Dataset records:

▬▬▬▬▬▬▬▬▬▬

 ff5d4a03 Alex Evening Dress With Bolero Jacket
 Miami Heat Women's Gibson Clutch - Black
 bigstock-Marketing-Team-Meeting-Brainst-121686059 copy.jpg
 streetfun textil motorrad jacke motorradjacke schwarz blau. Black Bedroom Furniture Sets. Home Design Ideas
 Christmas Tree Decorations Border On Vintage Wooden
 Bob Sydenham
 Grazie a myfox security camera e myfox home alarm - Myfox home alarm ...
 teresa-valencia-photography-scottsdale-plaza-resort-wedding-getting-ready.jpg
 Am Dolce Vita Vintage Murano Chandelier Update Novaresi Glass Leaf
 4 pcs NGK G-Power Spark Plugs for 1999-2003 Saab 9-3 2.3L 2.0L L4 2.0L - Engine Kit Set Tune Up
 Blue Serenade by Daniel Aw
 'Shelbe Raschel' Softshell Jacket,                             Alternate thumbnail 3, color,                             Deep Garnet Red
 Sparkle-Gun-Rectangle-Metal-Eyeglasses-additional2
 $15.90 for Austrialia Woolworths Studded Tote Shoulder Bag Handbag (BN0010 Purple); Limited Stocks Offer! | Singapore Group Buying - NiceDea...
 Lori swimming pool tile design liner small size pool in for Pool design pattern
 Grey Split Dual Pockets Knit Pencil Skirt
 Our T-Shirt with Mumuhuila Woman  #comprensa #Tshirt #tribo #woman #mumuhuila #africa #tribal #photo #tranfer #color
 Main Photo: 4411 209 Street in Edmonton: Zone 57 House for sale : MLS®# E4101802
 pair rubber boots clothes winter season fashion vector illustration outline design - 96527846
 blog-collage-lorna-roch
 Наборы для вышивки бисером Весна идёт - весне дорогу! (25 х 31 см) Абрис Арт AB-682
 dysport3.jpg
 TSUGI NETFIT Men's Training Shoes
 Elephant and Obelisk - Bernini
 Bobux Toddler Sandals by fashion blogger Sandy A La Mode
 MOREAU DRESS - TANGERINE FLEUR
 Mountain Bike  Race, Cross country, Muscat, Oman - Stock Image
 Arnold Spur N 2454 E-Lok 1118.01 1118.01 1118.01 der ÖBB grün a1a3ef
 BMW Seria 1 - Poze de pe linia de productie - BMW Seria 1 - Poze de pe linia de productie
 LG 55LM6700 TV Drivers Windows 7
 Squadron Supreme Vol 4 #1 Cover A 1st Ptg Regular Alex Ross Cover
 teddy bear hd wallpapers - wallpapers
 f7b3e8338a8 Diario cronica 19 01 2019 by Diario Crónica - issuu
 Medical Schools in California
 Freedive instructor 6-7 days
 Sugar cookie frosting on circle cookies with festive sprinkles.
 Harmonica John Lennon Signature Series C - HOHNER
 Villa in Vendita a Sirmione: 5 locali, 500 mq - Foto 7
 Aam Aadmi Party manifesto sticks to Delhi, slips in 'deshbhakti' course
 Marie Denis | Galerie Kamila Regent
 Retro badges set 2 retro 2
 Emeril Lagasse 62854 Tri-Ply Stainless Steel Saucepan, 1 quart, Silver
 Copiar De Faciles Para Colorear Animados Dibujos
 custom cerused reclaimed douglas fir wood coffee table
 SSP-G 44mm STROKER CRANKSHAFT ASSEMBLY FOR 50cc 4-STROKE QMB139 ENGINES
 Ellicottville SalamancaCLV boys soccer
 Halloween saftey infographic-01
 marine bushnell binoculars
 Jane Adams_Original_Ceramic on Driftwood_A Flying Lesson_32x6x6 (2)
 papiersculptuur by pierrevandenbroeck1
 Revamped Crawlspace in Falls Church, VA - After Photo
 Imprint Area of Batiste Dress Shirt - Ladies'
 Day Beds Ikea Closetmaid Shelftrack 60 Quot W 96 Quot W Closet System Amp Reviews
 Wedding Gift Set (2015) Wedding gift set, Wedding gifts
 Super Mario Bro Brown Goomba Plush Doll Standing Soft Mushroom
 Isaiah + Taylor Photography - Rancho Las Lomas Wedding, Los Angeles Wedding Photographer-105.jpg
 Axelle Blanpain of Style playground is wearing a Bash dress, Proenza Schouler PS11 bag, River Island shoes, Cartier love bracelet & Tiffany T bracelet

▬▬▬▬▬▬▬▬▬▬

→ Problem: Each line above from the one with "Christmas Tree Decorations" up to and including the one with "Blue Serenade by Daniel Aw" must be set down exactly, and no line outside that span may appear.

→ Reply to the task:
 Christmas Tree Decorations Border On Vintage Wooden
 Bob Sydenham
 Grazie a myfox security camera e myfox home alarm - Myfox home alarm ...
 teresa-valencia-photography-scottsdale-plaza-resort-wedding-getting-ready.jpg
 Am Dolce Vita Vintage Murano Chandelier Update Novaresi Glass Leaf
 4 pcs NGK G-Power Spark Plugs for 1999-2003 Saab 9-3 2.3L 2.0L L4 2.0L - Engine Kit Set Tune Up
 Blue Serenade by Daniel Aw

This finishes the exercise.